Question: What is the general mood and dynamic of the Russian-American relations in these days? And is there some more clear things about the problem of [inaudible] regime?

Assistant Secretary Fried: I think that the atmospherics and the dynamics of the relationship will be improved by the discussions that Secretary Rice had with President Putin and Foreign Minister Lavrov. We were very pleased that Foreign Minister Lavrov said what he said. The Russians can be very serious partners, very good partners, and we hope that we build on our partnership. That certainly is our objective.

With respect to the CFE Treaties, it came up yesterday in Secretary Rice's press conferences. The CFE Treaty, as the Russians point out, was built for Cold War times. That's why in 1999 we developed a new CFE Treaty, the adapted CFE Treaty, to modernize the old one. It hasn't been ratified because of Russia's need to fulfill certain commitments it made at the time that the treaty was signed in Istanbul in 1999. These are the so-called Istanbul Commitments that have to do with troop withdrawals from Georgia and Transnistria and Moldova. Russia's close to meeting those conditions. We hope it does.

In the mean time, if Russia has concerns about the CFE Treaty regime, if it feels that this treaty or even the adapted treaty impinges on Russia's sovereignty in some way, let's talk about this. This is another thing that Secretary Gates said. He was completely open to hear what Russian concerns are and discuss them. Secretary Rice said this yesterday. She said there are fora for consultations on the treaty; there are fora for discussions. By all means let's discuss what Russia's problems are. But Russia should not simply pull out of a treaty which has been useful for peace and stability in Europe.
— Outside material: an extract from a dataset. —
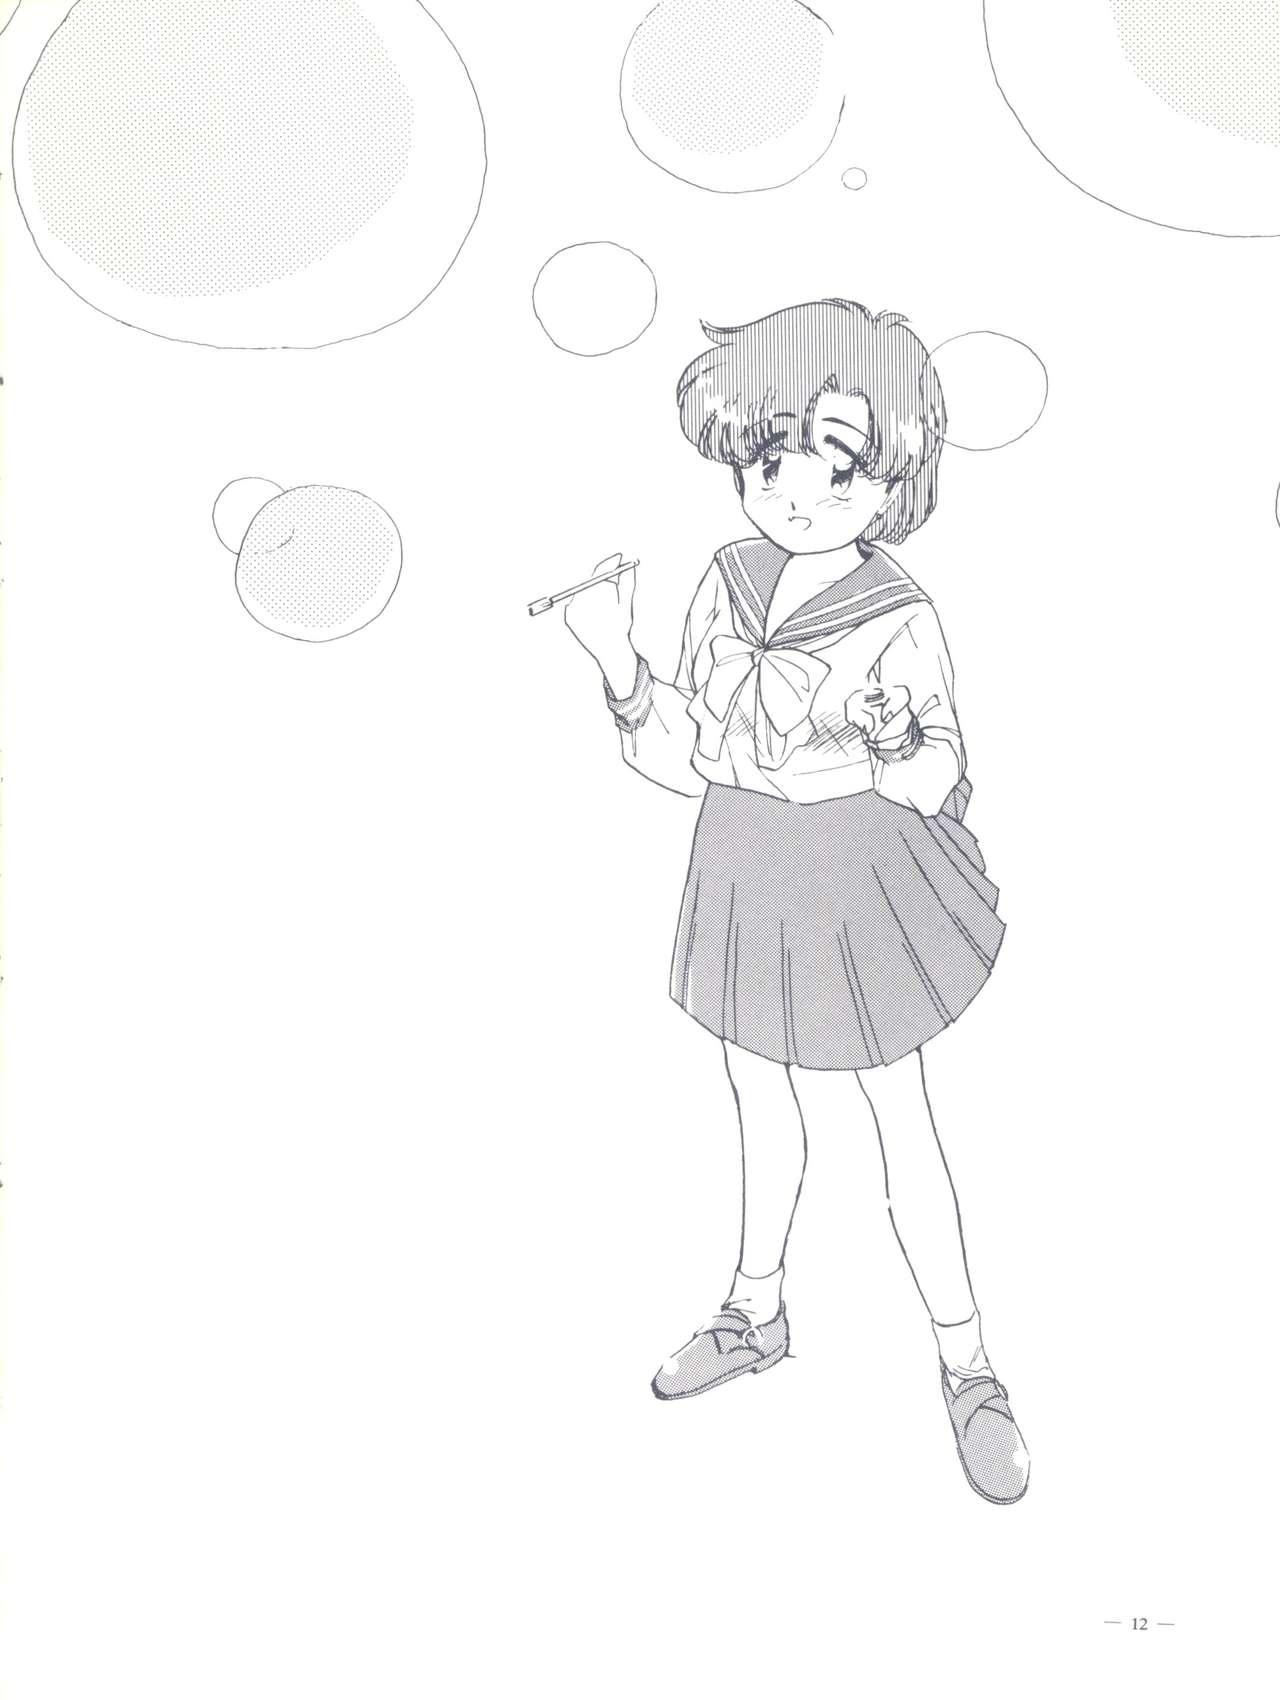 Nuru Monden Glanz 3 - Sailor moon Arrecha - Page 12

Question: Is it clear, the statement of Mr. Putin? He said that Russia could freeze the participation.

Assistant Secretary Fried: President Putin usually speaks with clarity. He did so in this case. We hope that Russia will take up our offer of cooperation and take up our offer to discuss what problems it might have with the CFE Treaty. And by all means, let's move as quickly as we can to find a way to ratify, for all of us to ratify the adapted CFE Treaty which is far better for all of us, including for Russia, than the current CFE Treaty. We're all for it.

Question: Poland is seeking specific installations, i.e. Patriots and others, in exchange for the interceptors. How helpful is that in trying to engage the Russians?
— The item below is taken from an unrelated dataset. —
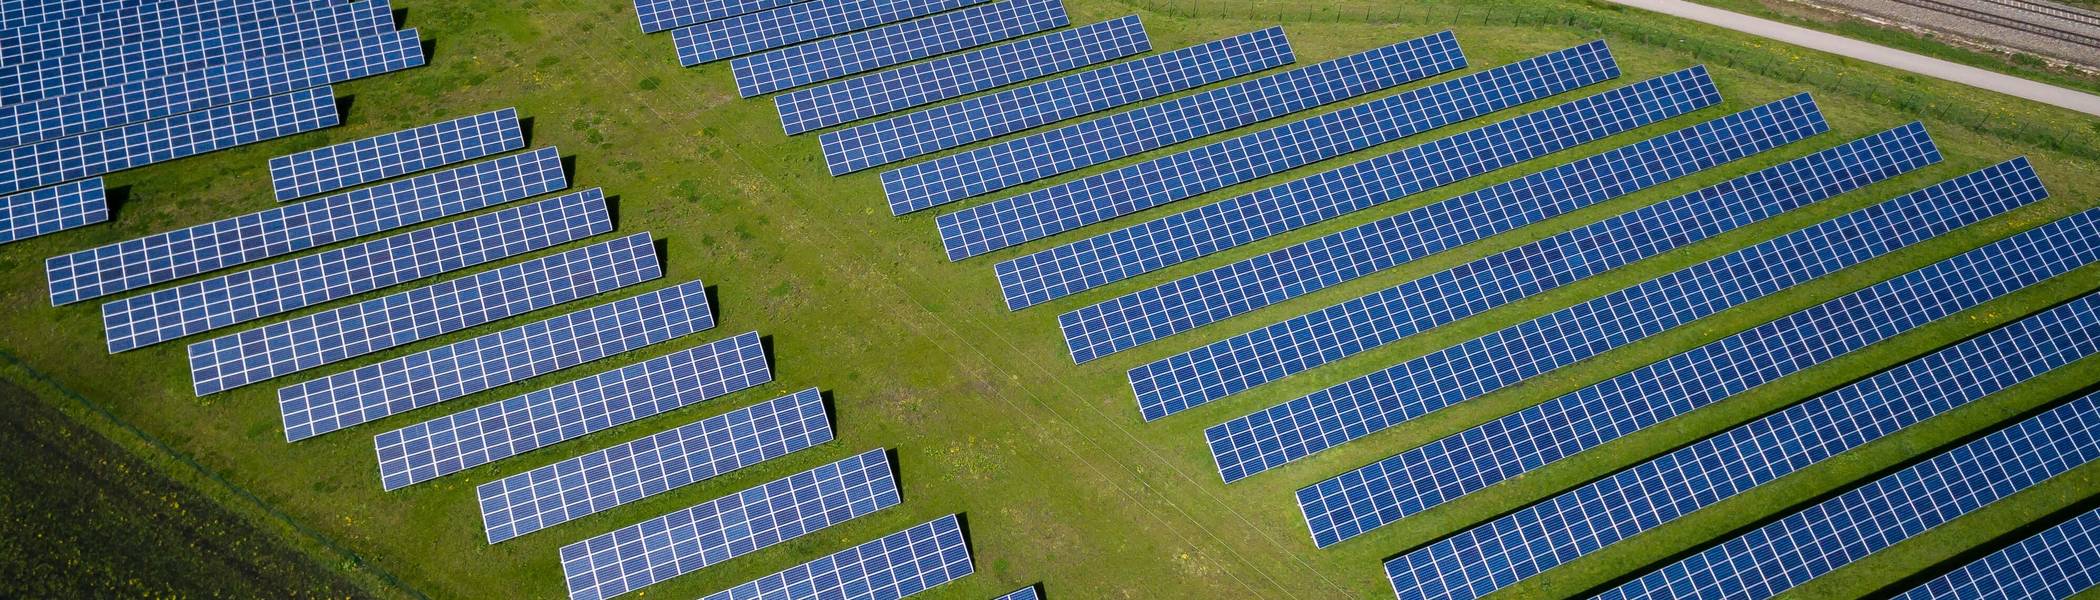 De aanleg van zonnepanelen op bedrijfshallen kan bijdragen aan de verbetering van de veiligheid van

Assistant Secretary Fried: The Poles haven't presented to us a formal request yet. What we have said to the Poles is basically if you have concerns about your security, let's discuss these. Let's discuss what those concerns are and the best way to deal with it. Poland's a NATO member. You have every right to consult with us about this. Let's discuss this issue and let's see what makes sense for your security.
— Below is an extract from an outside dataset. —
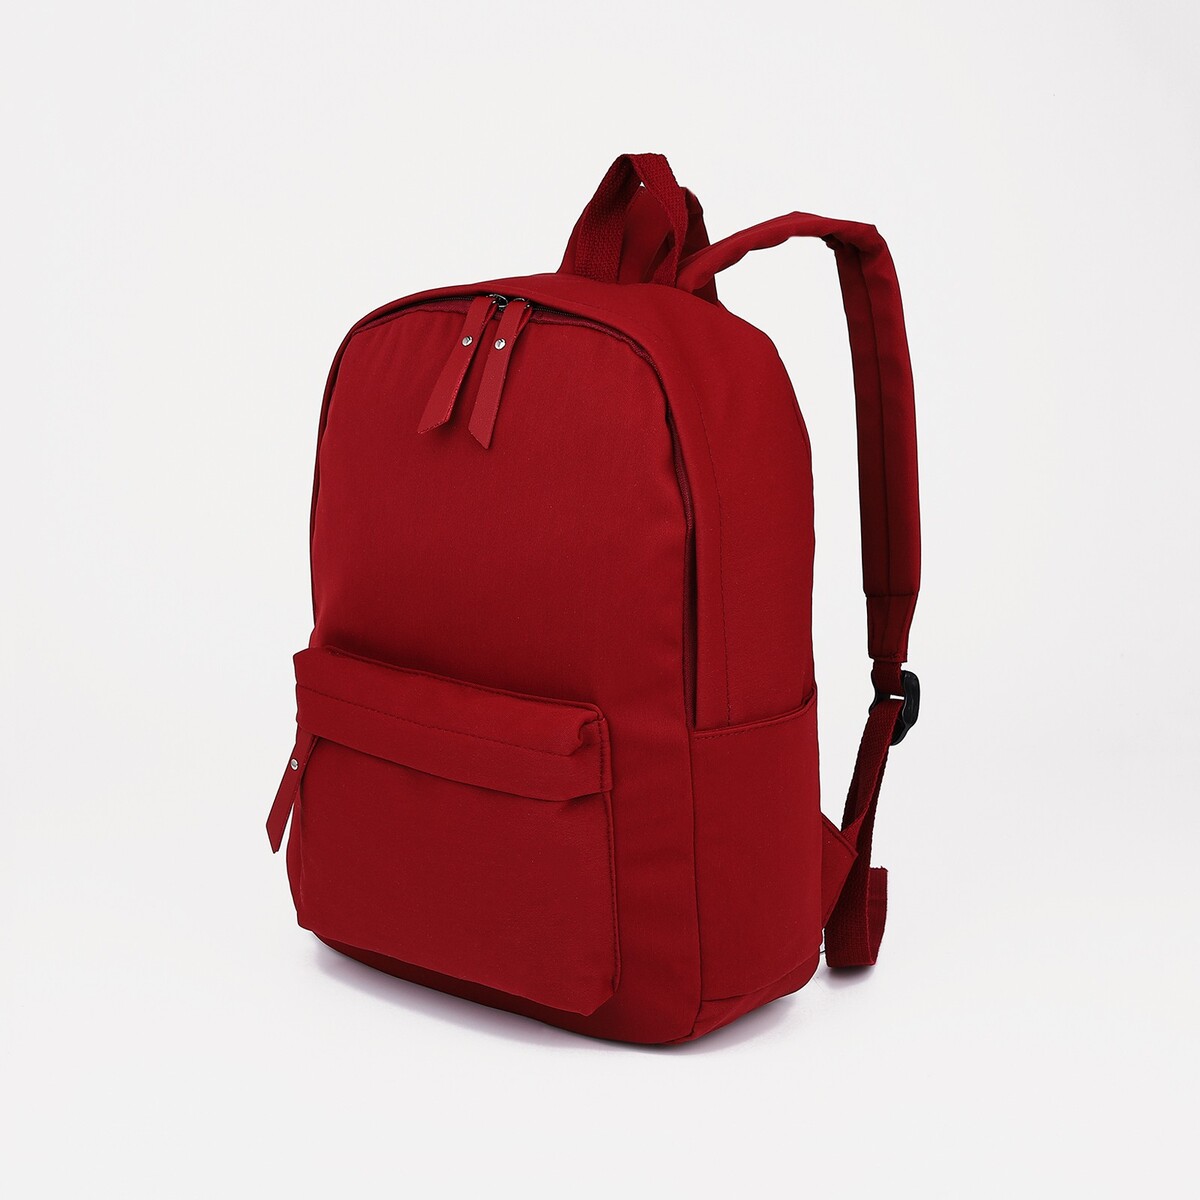 Рюкзак молодежный из текстиля, 4 кармана, цвет бордовый pixel bag рюкзак с led дисплеем pixel max red line бордовый

I think that Poland will engage us in a serious discussion of these issues. I look forward to it and I look forward to coming up with mutually satisfactory ways forward so that Poland's national security is increased as a result of any missile defense arrangements that we make. The same is true for the Czech Republic.

Question: A U.S. House committee has voted to cut missile defense funding and also launch the Pentagon studies using mobile launchers instead of a fixed site in Poland. Realizing this is just at the committee stage, it's not gone to the Senate and so on: first what signal does this vote alone send to the Europeans, to the Russians about U.S. government resolve to see through missile defense as currently formulated?

And certainly if the Congress then does end up with a budget that cuts funding and requires a mobile launcher study, what does that mean to you?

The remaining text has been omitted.